Dear List,
Here I show my network topology. Maybe it seems quite typical. My
internal network is located behind an Intl/Extl Firewall which is
connected to the Internet(IN) via pppoe/ppp(8). On the other side I run
different systems, for instance a home office network, a mobile laptop,
and several customers.
+---+ +---+
| A | | B | (PC)
+-+-+ +-+-+
| | +---------+
--+-----+---| Intl FW |---(DMZ)---+
(LAN/int) +---------+ |
|
+---------------------------------------+
| +---+
| ____ | Z | (PC)
| ( ) +---+
| +---------+ pppoe/ppp(8) +-----------+ ( ) +----+ |
| | |--------------| DSL-Modem |--( )--| GW |----+-
| | | rl0/tun0 +-----------+ ( ) +----+ (HomeOffice)

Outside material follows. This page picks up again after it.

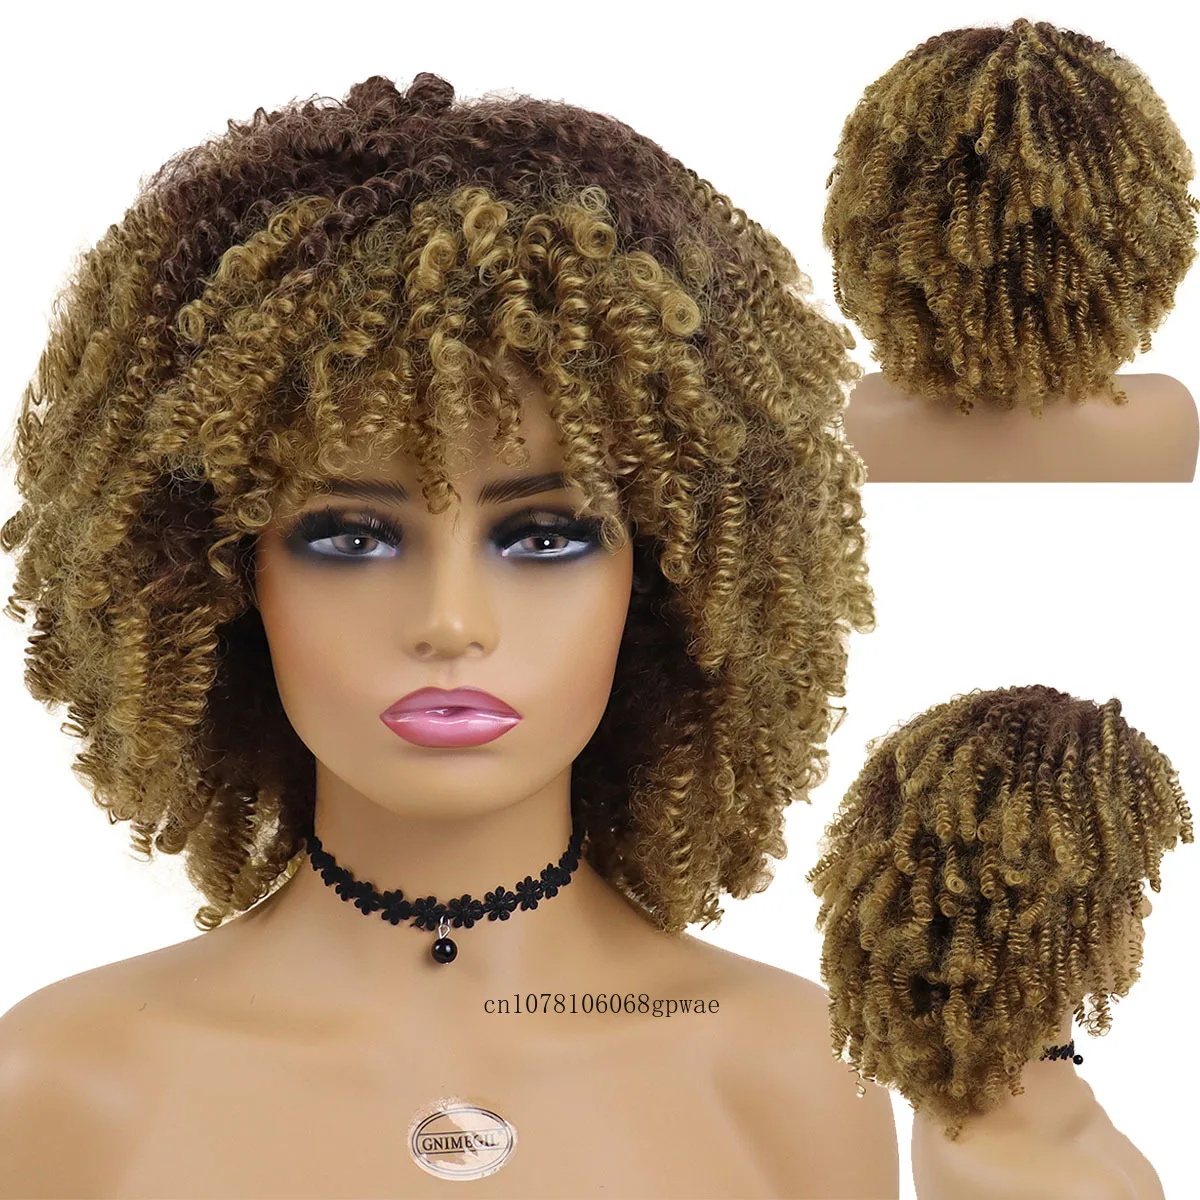 

Short Afro Kinky Curly Wigs for Women Ombre Blonde Wig with Bangs Natural Fluffy Elastic Hairstyle Afro Wig Ladies Cosplay Party

+--| Extl FW | ( IN ) +----------+
| | pppoe/ppp(8) +-----------+ ( )--| Customer |
| |--------------| DSL-Modem |--( ) +----------+
+---------+ rl1/tun1 +-----------+ ( ) +--------+
OpenBSD 4.8 (____)--| Mobile |
+--------+
My question is about the setup of routing and packet filtering on the
External Firewall:
How can I force my Extl. FW to reply on exactly the same interface it
had been requested on? For example I am running OpenVPN(1194/UDP)
between my HomeOffice (Z=Client) and the Intl. FW(=Server). Alike I
would appretiate SSH-portforwarding from Internet to the Intl. FW.
I tried using "route-to" and "reply-to", but that did not work -
PF.CONF(5) says this should do, but I could not figure out, how. I did
not not understand how "route-to" and "reply-to" actually work (could
not find any explanation, though I have tried hard to search for).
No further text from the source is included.